The present inventor has realized that there is room for improvements in this field.

SUMMARY An object of the present invention is therefore to provide one or more improvements in the field of technical field of electrical power tools of the kind described above.

The present inventor has invented, after insightful consideration, a new way of implementing power factor correction and motor frequency inverter stages that avoid a smooth DC component in a residual current caused by a ground fault.

Accordingly, an aspect of the present invention is a power tool for connection to AC mains via at least one residual current protective device, where the power tool comprises a DC motor, a power factor correction unit for converting AC mains power to DC power at a DC voltage higher than the AC mains voltage, and a motor frequency inverter for driving the DC motor with DC power from the power factor correction unit and controlling the torque and/or the number of revolutions per time unit of the DC motor. According to the invention, the power factor correction unit comprises a semibridgeless totem-pole boost converter and is configured to control the conversion of AC power to DC power such that in case of a ground fault which causes residual current in a protective earth line, the residual current will have a waveform lacking a smooth DC component, advantageously a pulsating DC waveform.

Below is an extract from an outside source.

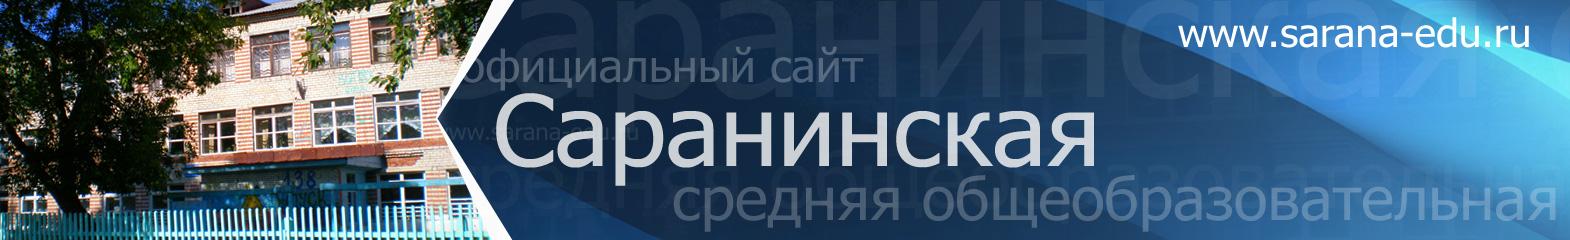 МКОУ Саранинская школа

The invention combines the arrangement of semi-bridgeless totem-pole boost converter topology with the motor frequency inverter in such a way that the residual current waveform can be controlled not to cause a smooth DC component in case of a residual current flow. The clamping mechanism inherent to the semi-bridgeless totempole boost converter will, with dedicated digital control, create a pulsating DC component in case of contact with the live circuit. Thereby, compatibility also of lowcost portable residual current protective devices is assured.

Embodiments of the invention are defined by the appended dependent claims and are further explained in the detailed description section as well as on the drawings.

It should be emphasized that the term “comprises/comprising” when used in this specification is taken to specify the presence of stated features, integers, steps, or components, but does not preclude the presence or addition of one or more other features, integers, steps, components, or groups thereof. All terms used in the claims are to be interpreted according to their ordinary meaning in the technical field, unless explicitly defined otherwise herein. All references to "a/an/the [element, device, component, means, step, etc]" are to be interpreted openly as referring to at least one instance of the element, device, component, means, step, etc., unless explicitly stated otherwise. The steps of any method disclosed herein do not have to be performed in the exact order disclosed, unless explicitly stated.

BRIEF DESCRIPTION OF THE DRAWINGS Objects, features and advantages of embodiments of the invention will appear from the following detailed description, reference being made to the accompanying drawings.

Figure 1 A is a schematic block diagram of a power tool adapted for connection to AC mains being part of an electrical installation at a site so as to supply electrical/motor parts of the power tool with electric power, the drawing showing use of a first residual current protective device at the electrical installation side and a second residual current protective device being integrated in the power tool.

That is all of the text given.